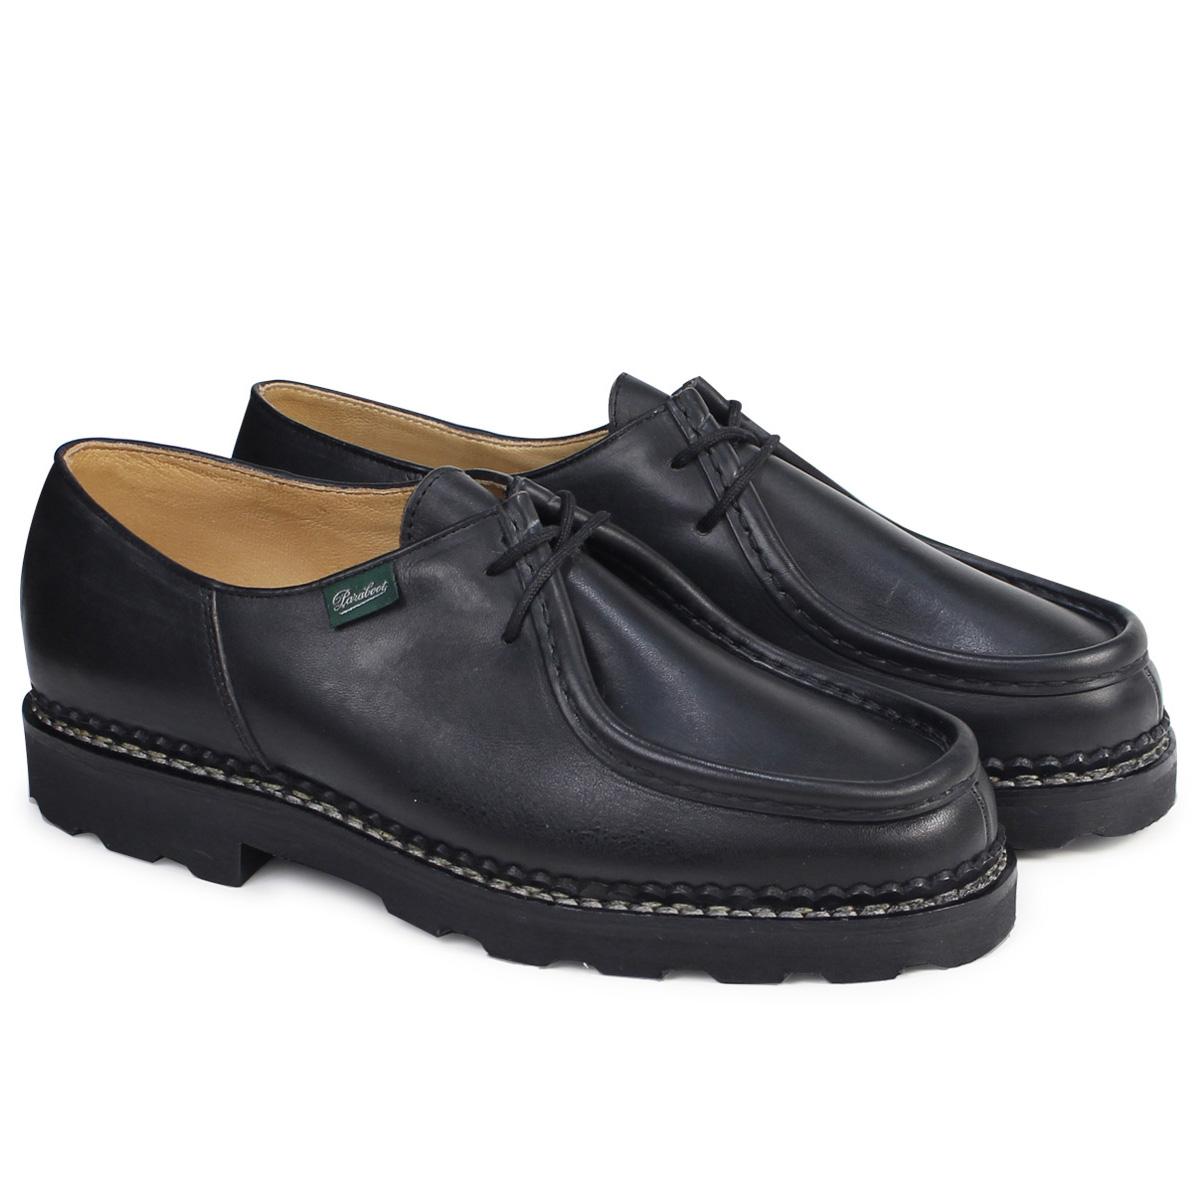 PARABOOT MICHAEL パラブーツ ミカエル シューズ チロリアンシューズ 715604 メンズ レディース 靴 ブラック [4/7 追加入荷]
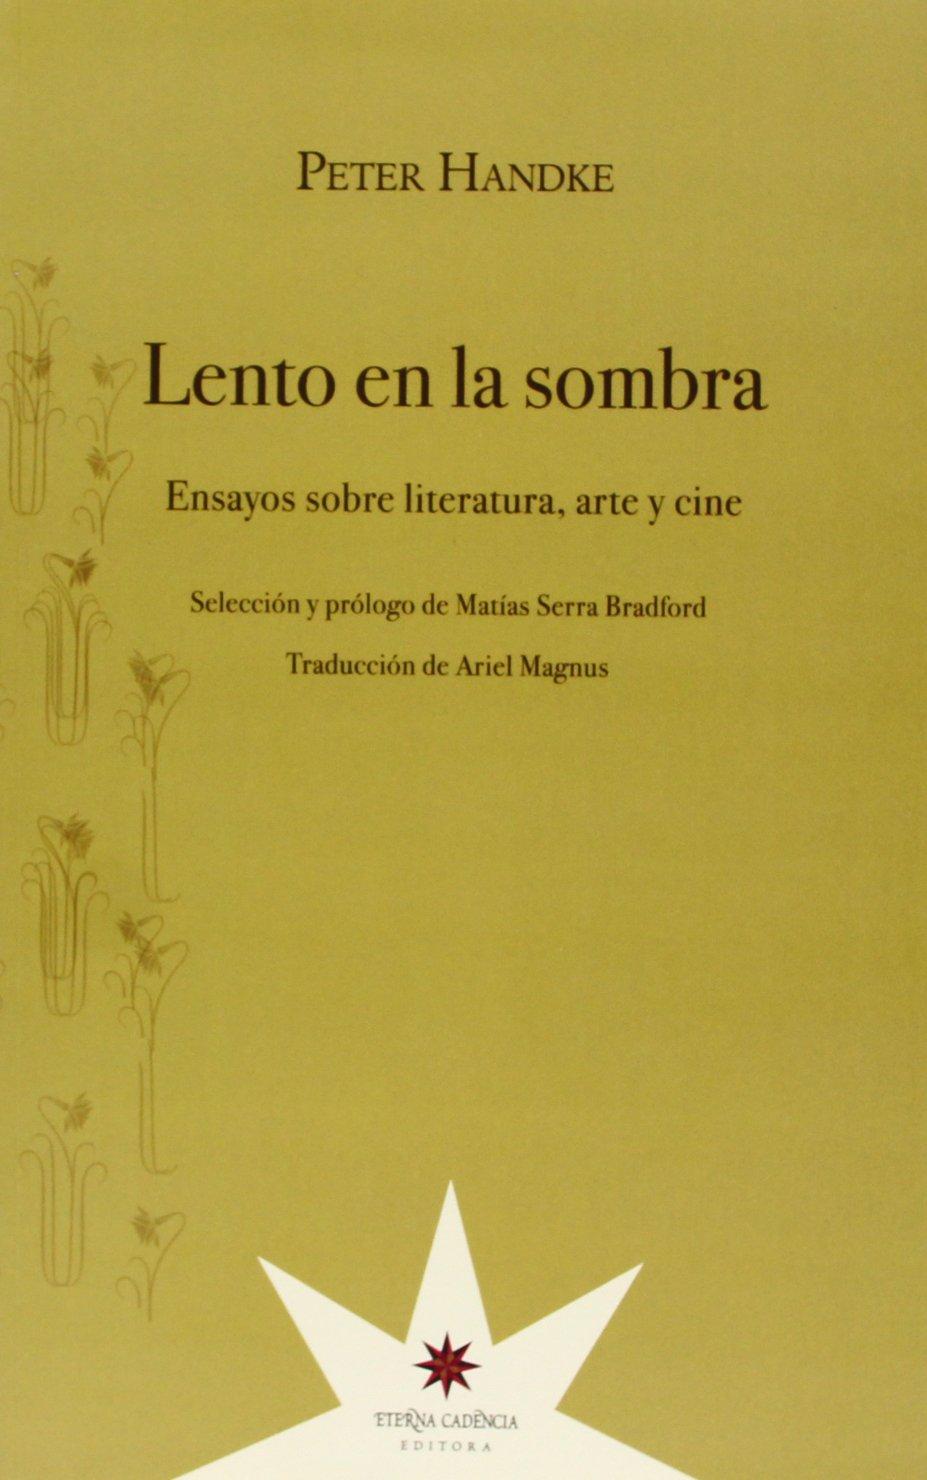 Lento En La Sombra. Ensayos Sobre Literatura, Arte Y Cine: Amazon.es: Peter Handke, Peter Handke, Ariel Magnus, Peter Handke: Libros
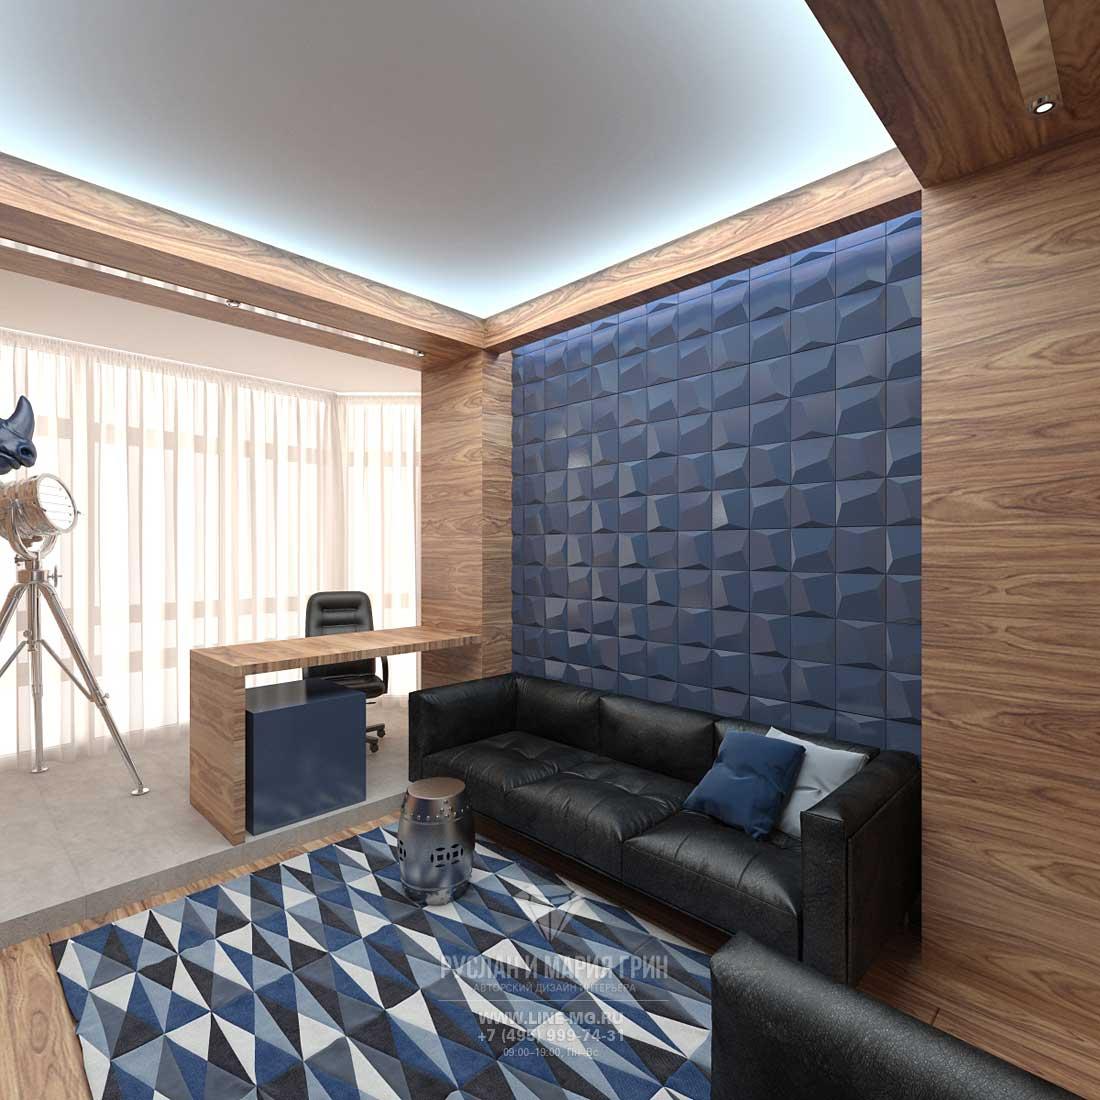 Элитный ремонт квартиры в Москве. Фото кабинета в стиле минимализм

::::::::::

> [Brief]: Set down the material above exactly. Skip any picture.

> [Result of this exercise]:
 PARABOOT MICHAEL パラブーツ ミカエル シューズ チロリアンシューズ 715604 メンズ レディース 靴 ブラック [4/7 追加入荷]
 Lento En La Sombra. Ensayos Sobre Literatura, Arte Y Cine: Amazon.es: Peter Handke, Peter Handke, Ariel Magnus, Peter Handke: Libros
 Элитный ремонт квартиры в Москве. Фото кабинета в стиле минимализм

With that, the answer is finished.